Last week I was up in Stratford-upon-Avon for a couple of days to attend #Britgrad2015 Shakespeare Conference. I had a fantastic time listening to some thought-provoking papers, and presenting my own – and to my great surprise I won the 2nd prize in the Liz Ketterer Award for best abstract!
Part of the reason for this, I’m sure, is the fact that I was talking about bears. Everyone likes bears. We grow up with smiling teddies that sit at the end of our beds. We are a nation obsessed with making this ferocious predator seem as tubby, bumbling and well-meaning as possible: think of Pooh, Paddington and Rupert. There’s something very strange about the fact we teach children to re-imagine the wild and savage as comforting and cuddly…
Anyway, my presentation was about one very specific aspect of the British relationship with bears: the Elizabethan Beargarden. This was a theatre first called the Paris Gardens, then rebuilt as the Hope Theatre, but always locally called the Beargarden. Crowds gathered there to watch bear-baiting: a bear would be fastened, via a long chain around its neck, to a stake in the middle of a pit of sand and earth. It would then be attacked by dogs (usually mastiffs or bulldogs bred for this sport). The sport was in seeing who would come out best, and huge sums of money were sometimes gambled on the outcome:
“Meet Messieurs Sackerson (a bear most famous, as advertised in the Merry Wives of Windsor), Ned Whiting, George Stone, Tom of Lincoln. See Samson lash against the furious whips, and watch Nan Stiles, Moll Cutpurse, and Bess of Bromley take on our fierce mastiffs. New this season, crowd-favourite Harry Hunks had been blinded to add to the excitement.”

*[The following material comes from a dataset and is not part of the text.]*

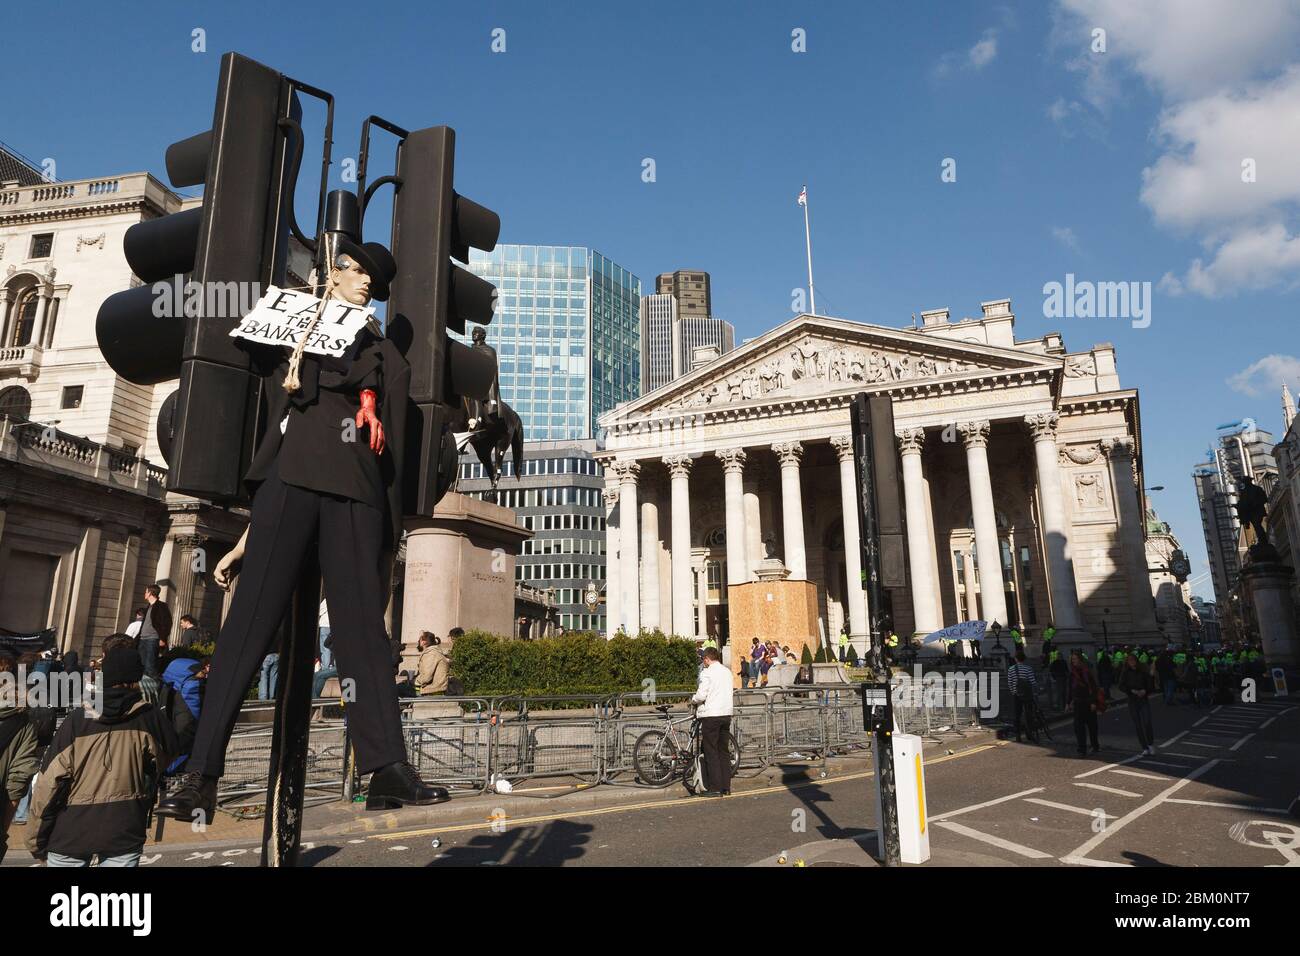 Anti G20 protests, an effigy of a banker hanging in front of Bank of England (left) and the Royal Exchange (center), City of London, UK.  1 Apr 2009 Stock Photo
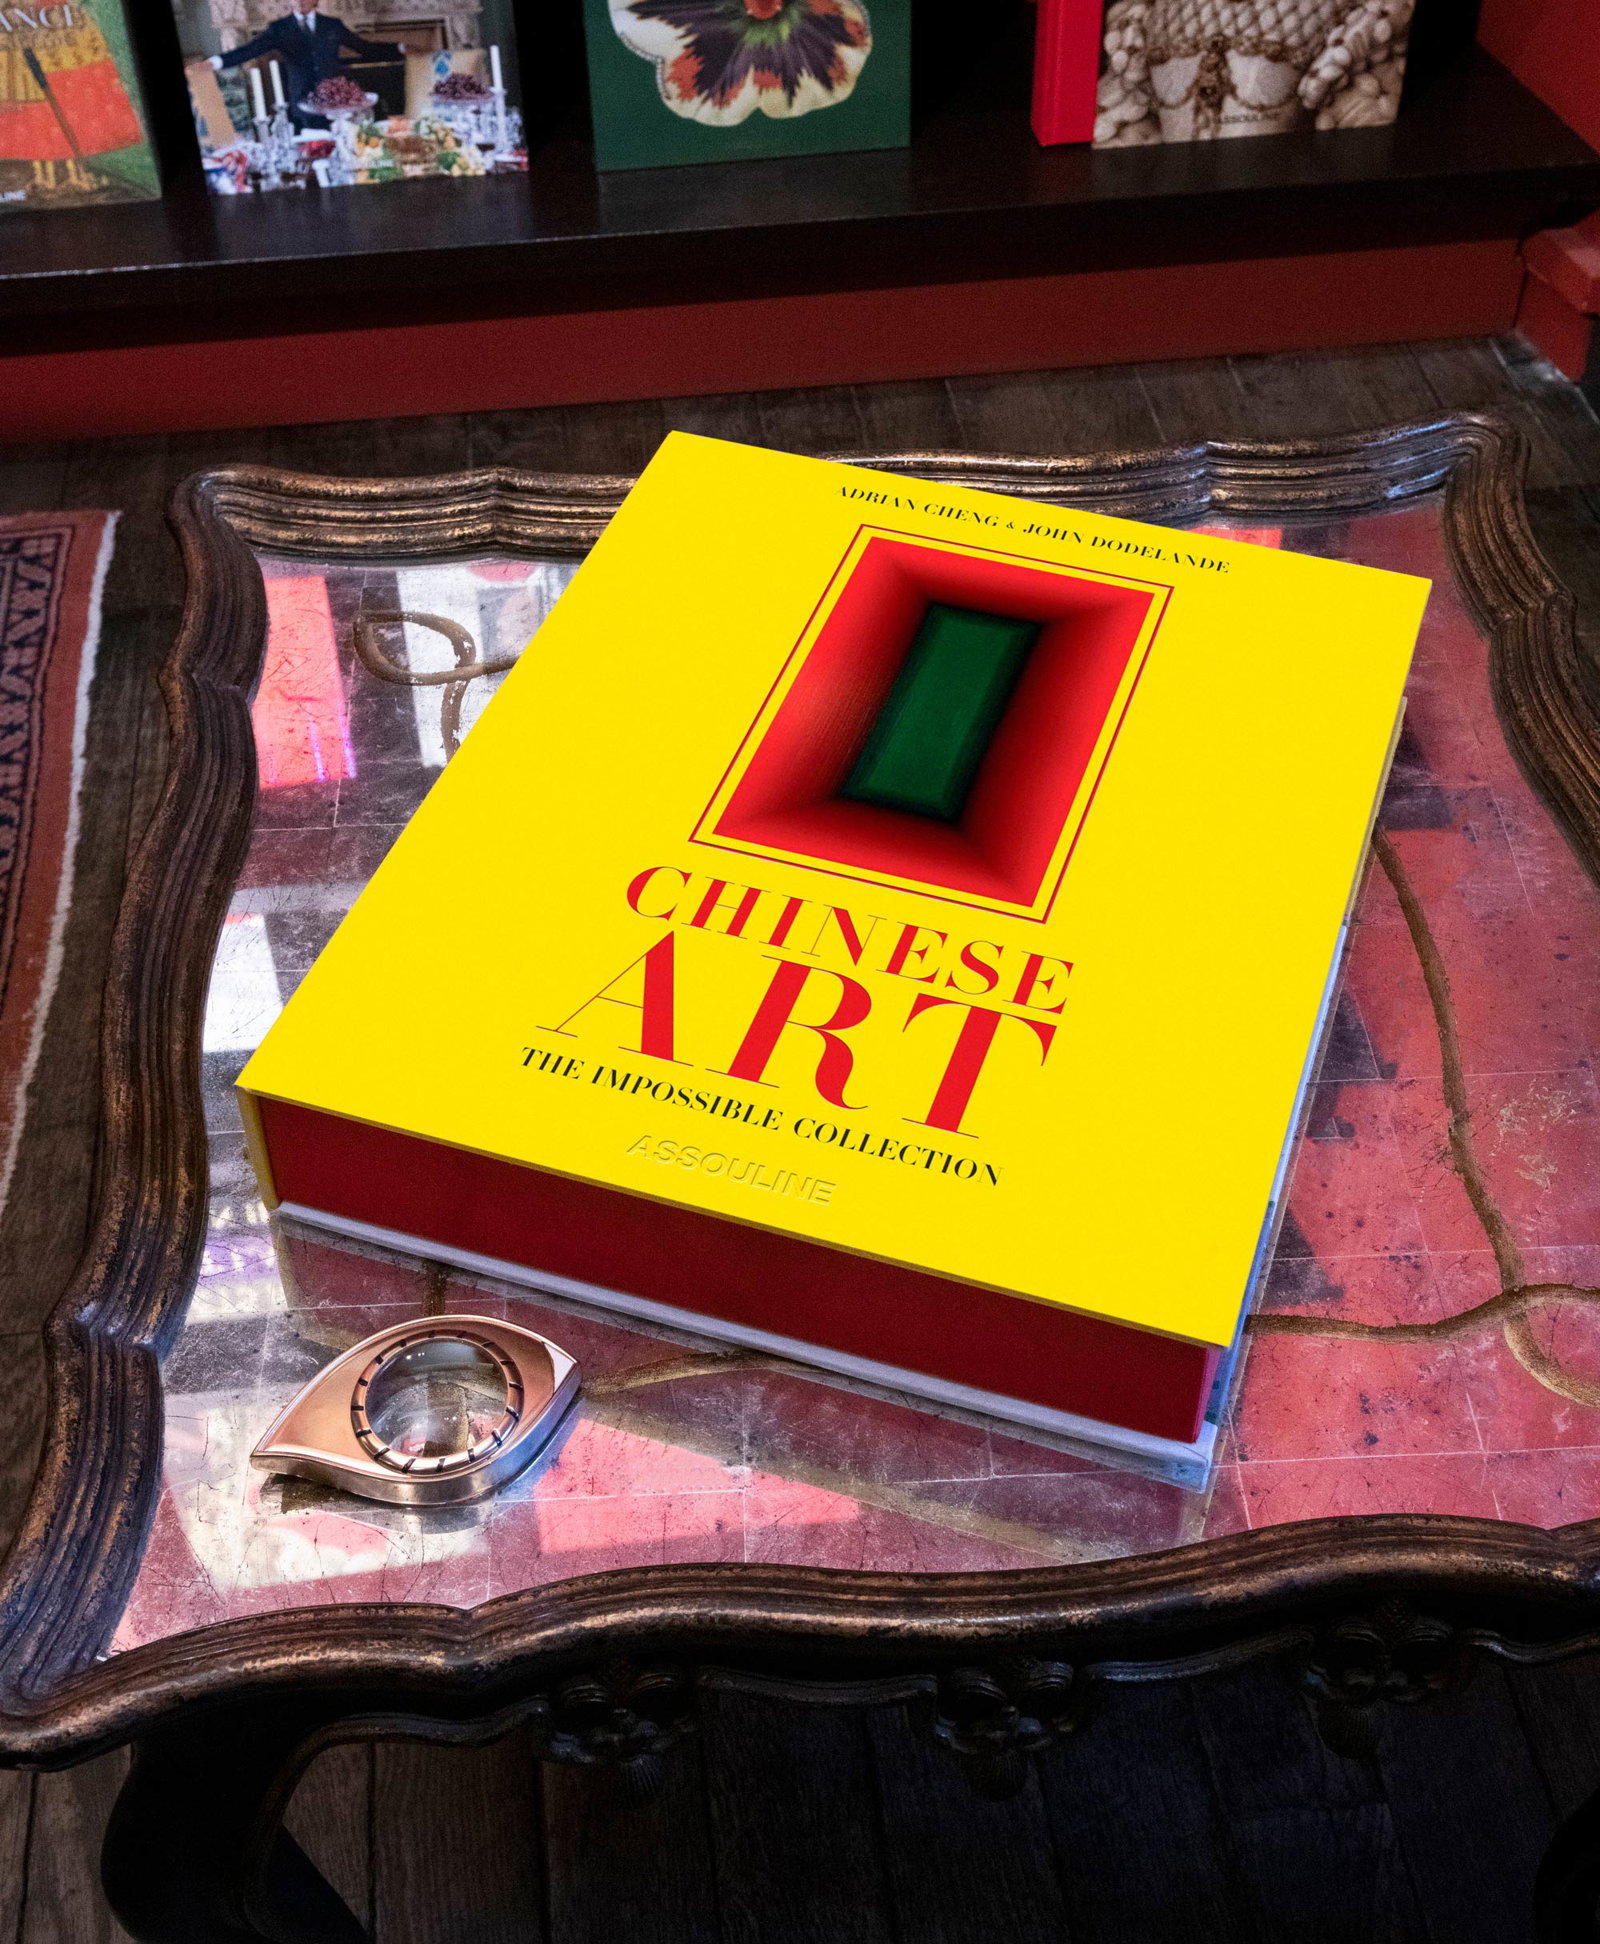 Versailles From Louis XIV To Jeff Koons Book in Yellow - Assouline

All this took place in Southwark, which was essentially the red-light district of the Tudor age – a place outside the city limits where all the things that were illegal inside the main city seemed to flourish: prostitution, gambling, and theatre. What is interesting is that bear-baiting and plays took place in these same theatres: with plays on Mondays and Wednesdays, and bears on Tuesdays and Thursdays. Shakespeare’s most famous stage-direction, “Exit, pursued by a bear”, might very easily have been taken literally on these stages.
My paper took a virtual tour of the world of bear-baiting. I talked about how Shakespeare notes that bear fail the mirror test (unlike chimps, elephants and magpies who can recognise their own reflection), and how bear-baiting was enjoyed by all classes in Tudor and Elizabethan England. I discussed the polar bear in the Tower of London and the bear given to Princess Anne by Khrushchev. I talked about the Puritans who cursed the Beargarden and saw its collapse as a message from God. I talked about the best ‘prize-fighter’ bears being paraded in the streets to advertise the shows, and the town that spent the money it had scrimped and saved for a new Bible on a fighting bear instead.
I also talked about the weird statistical anomaly that suggests that you were more likely to get killed by a rampaging bear escaped from the Beargarden enclosures if your name was Agnes!